** Records supplied follows **
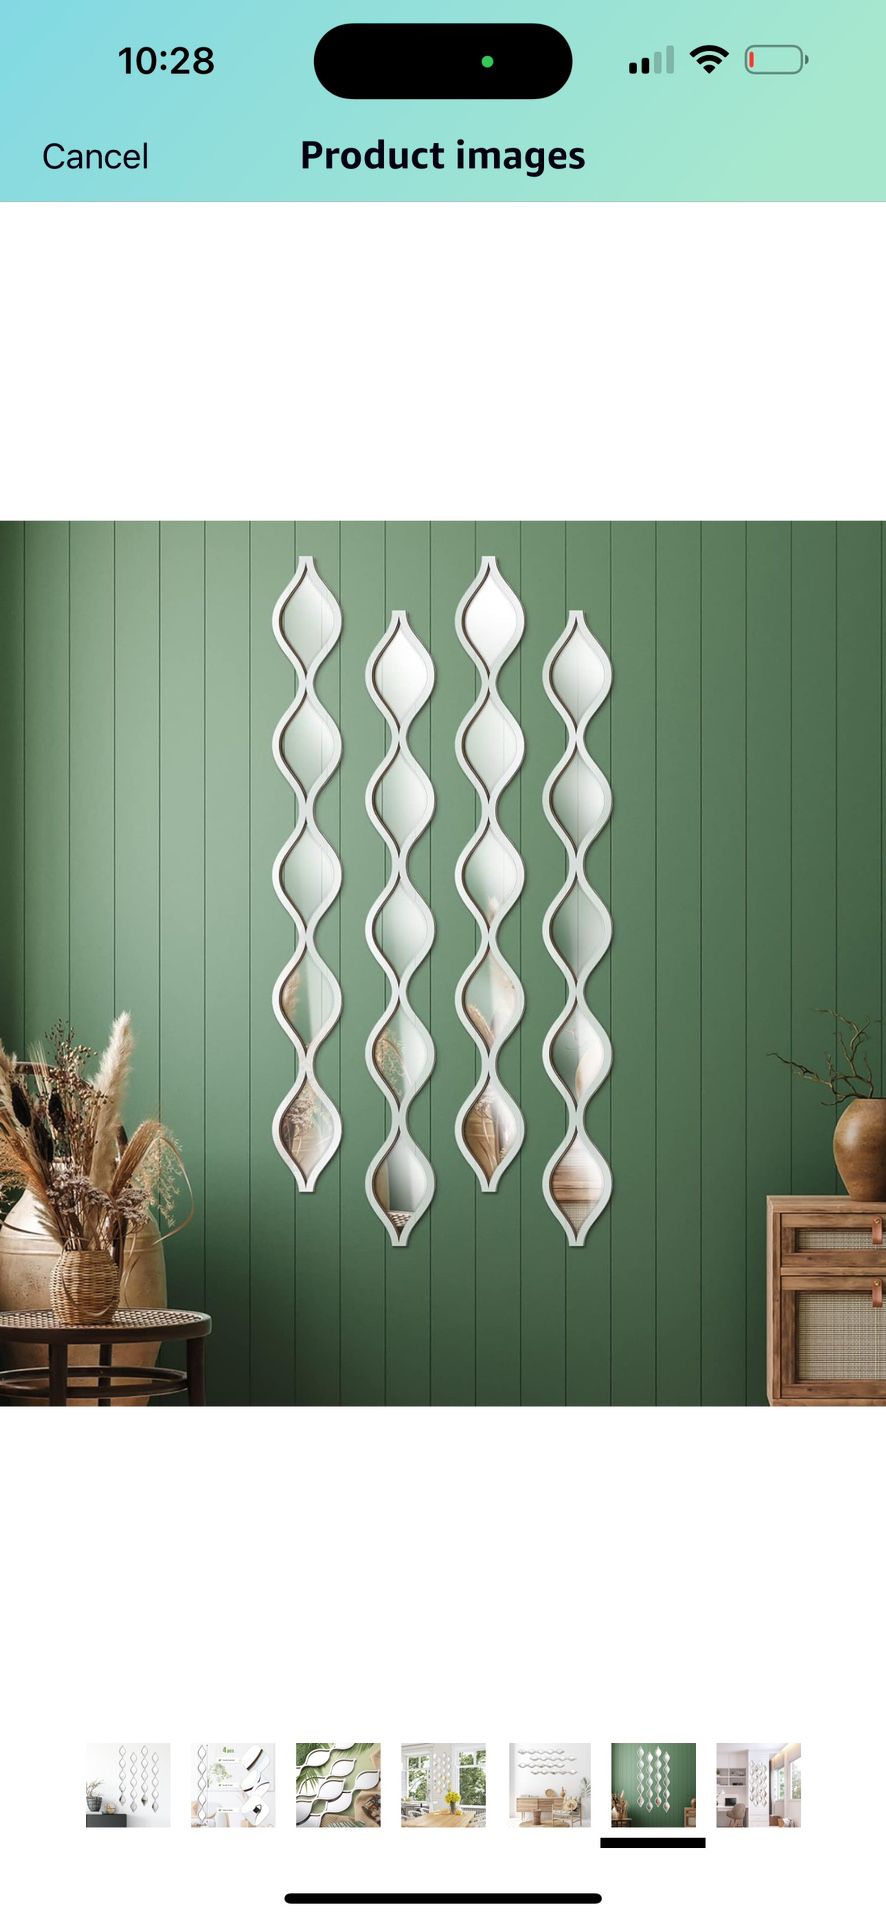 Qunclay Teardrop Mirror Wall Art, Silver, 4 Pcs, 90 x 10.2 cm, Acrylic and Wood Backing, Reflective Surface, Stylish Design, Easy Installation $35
** End of Records supplied **
** Records supplied follows **
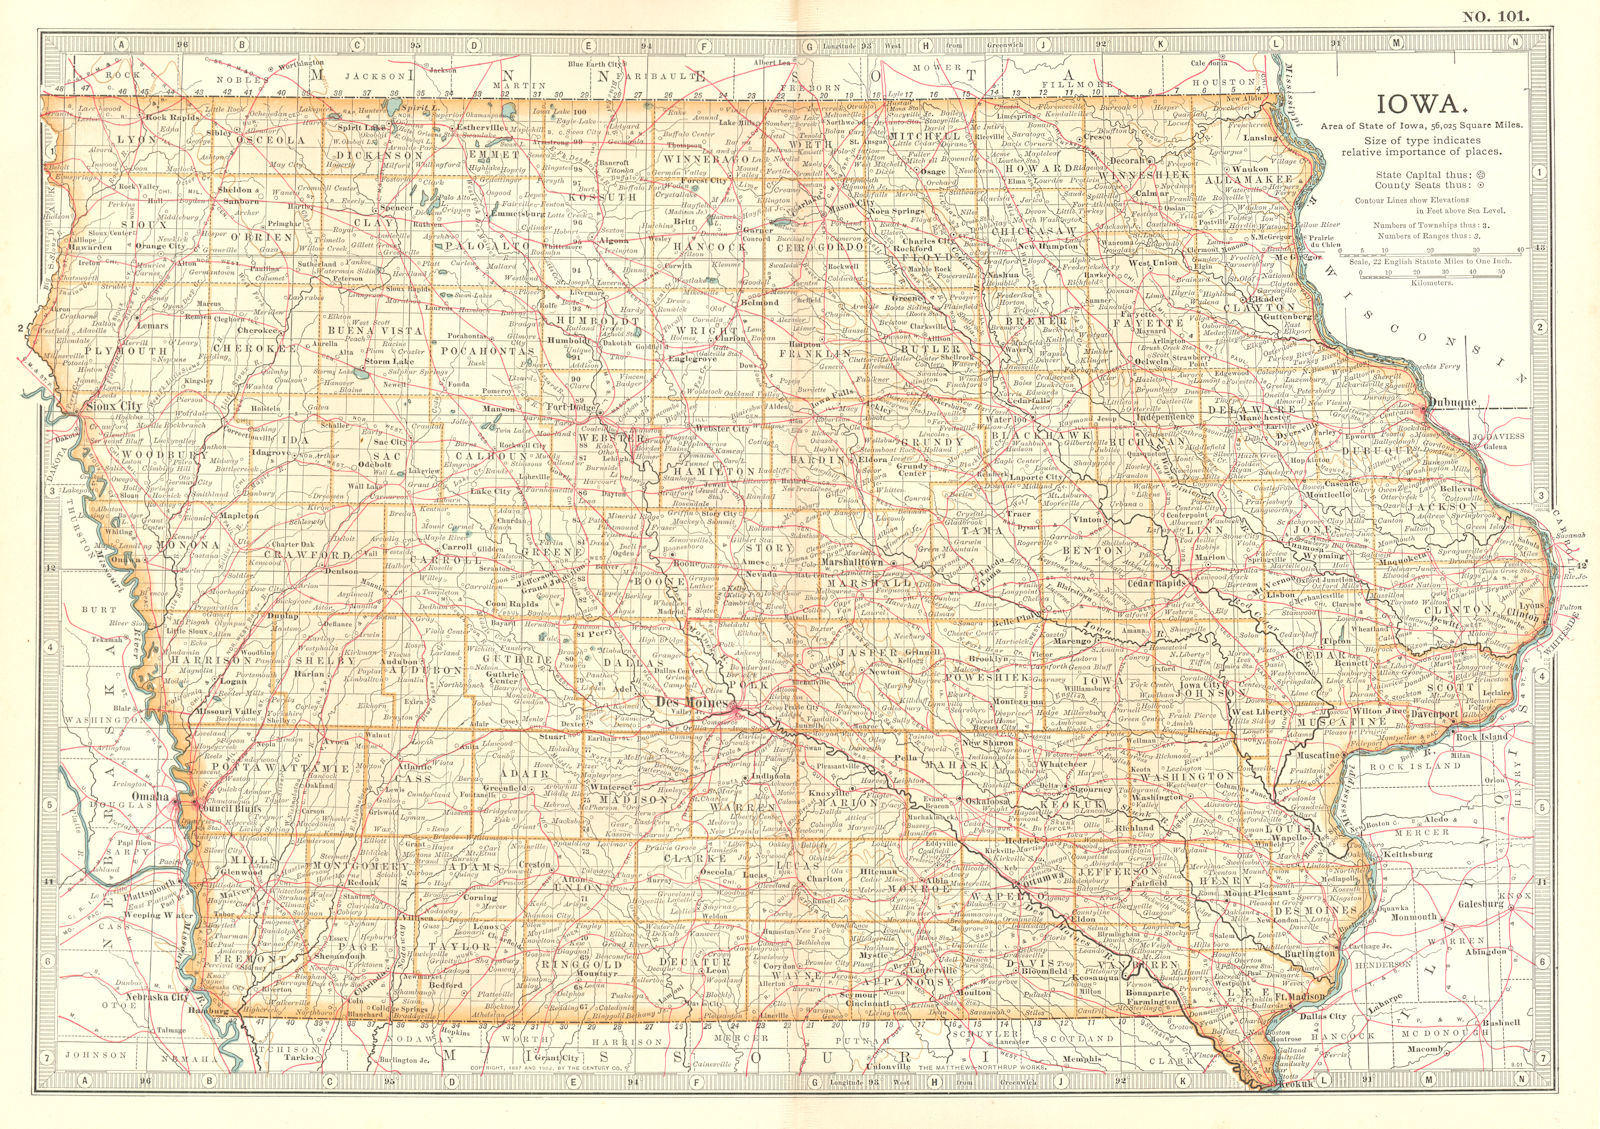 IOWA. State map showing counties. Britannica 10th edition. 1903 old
** End of Records supplied **
** Records supplied follows **
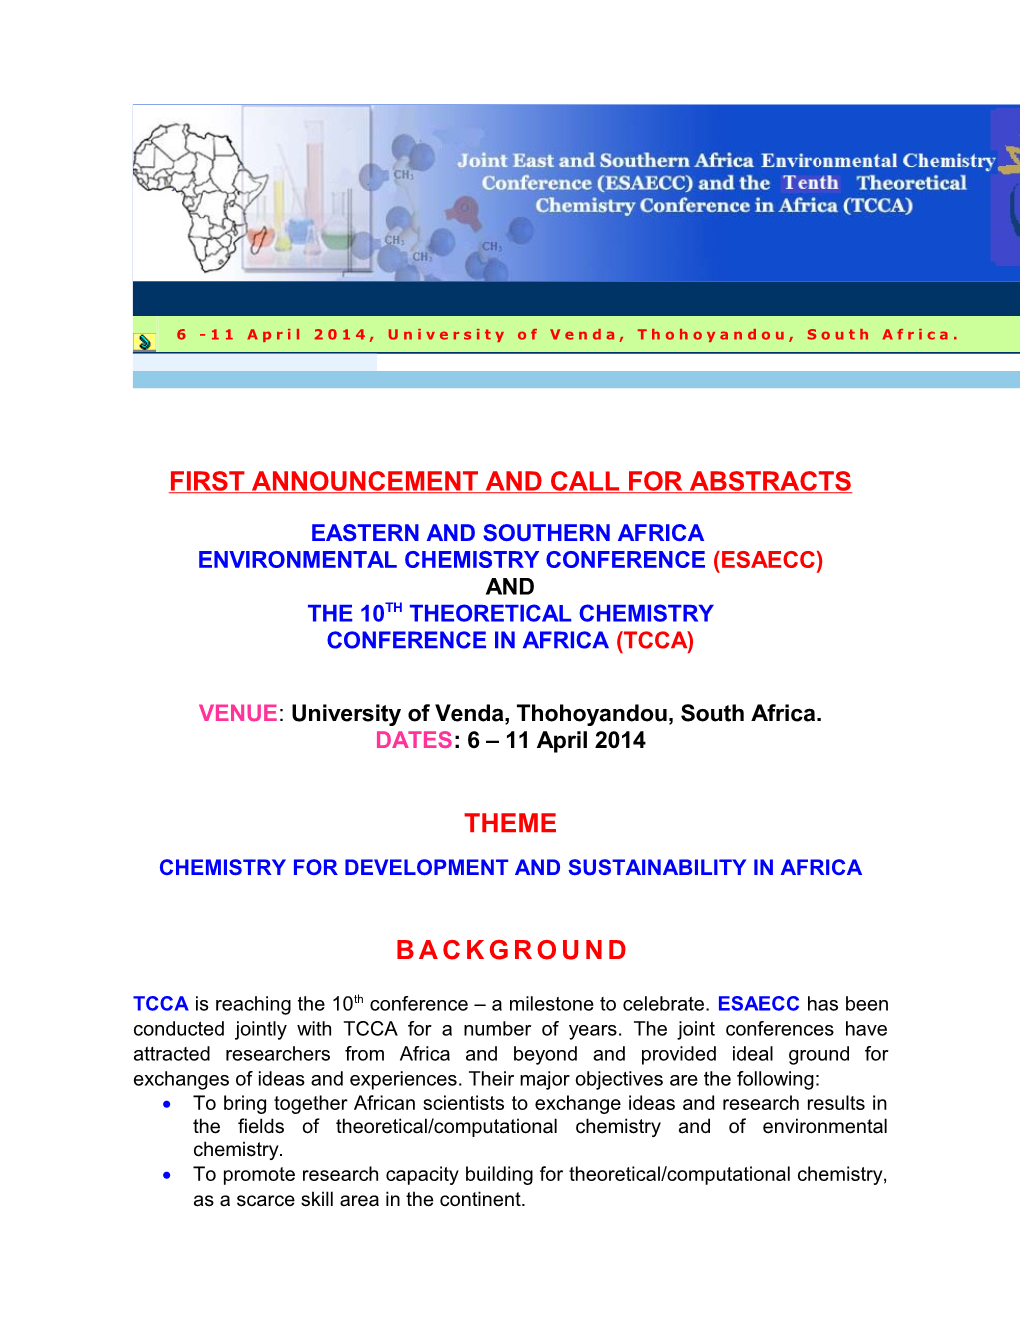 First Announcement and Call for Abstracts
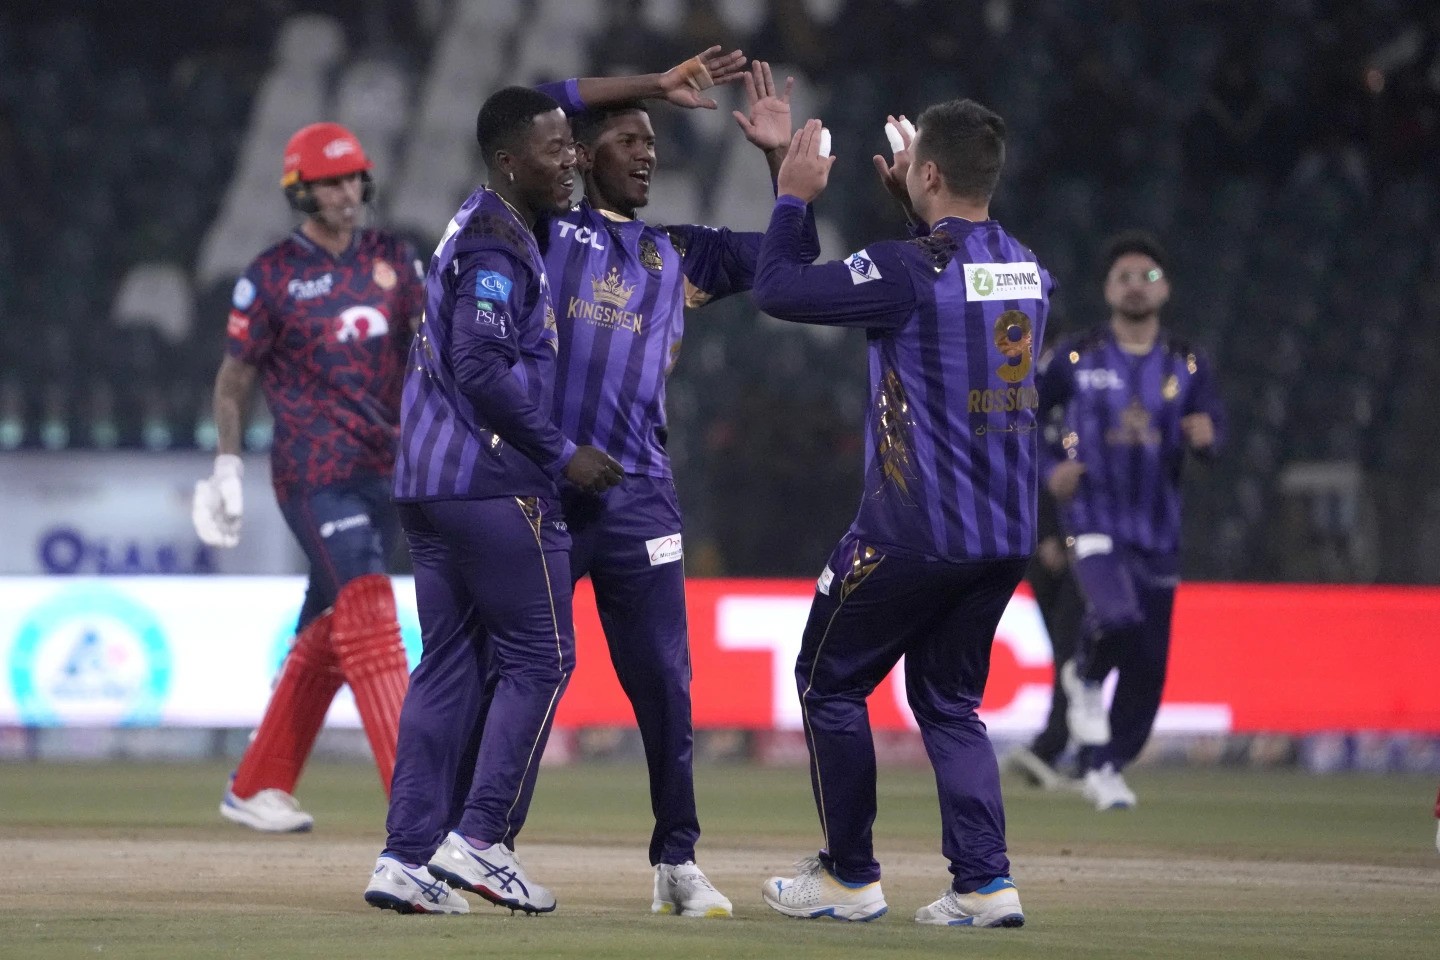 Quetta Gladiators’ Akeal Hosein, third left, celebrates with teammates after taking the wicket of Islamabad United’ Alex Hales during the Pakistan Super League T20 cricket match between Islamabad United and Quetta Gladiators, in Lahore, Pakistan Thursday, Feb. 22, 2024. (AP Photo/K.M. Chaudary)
** End of Records supplied **
:: Assignment ::
For this exercise, set down the lines in the entries above from the one with "First Announcement and Call for Abstracts" through the one with "Quetta Gladiators’ Akeal" exactly as written, without any pictures.

:: Result of the exercise ::
 First Announcement and Call for Abstracts
 Quetta Gladiators’ Akeal Hosein, third left, celebrates with teammates after taking the wicket of Islamabad United’ Alex Hales during the Pakistan Super League T20 cricket match between Islamabad United and Quetta Gladiators, in Lahore, Pakistan Thursday, Feb. 22, 2024. (AP Photo/K.M. Chaudary)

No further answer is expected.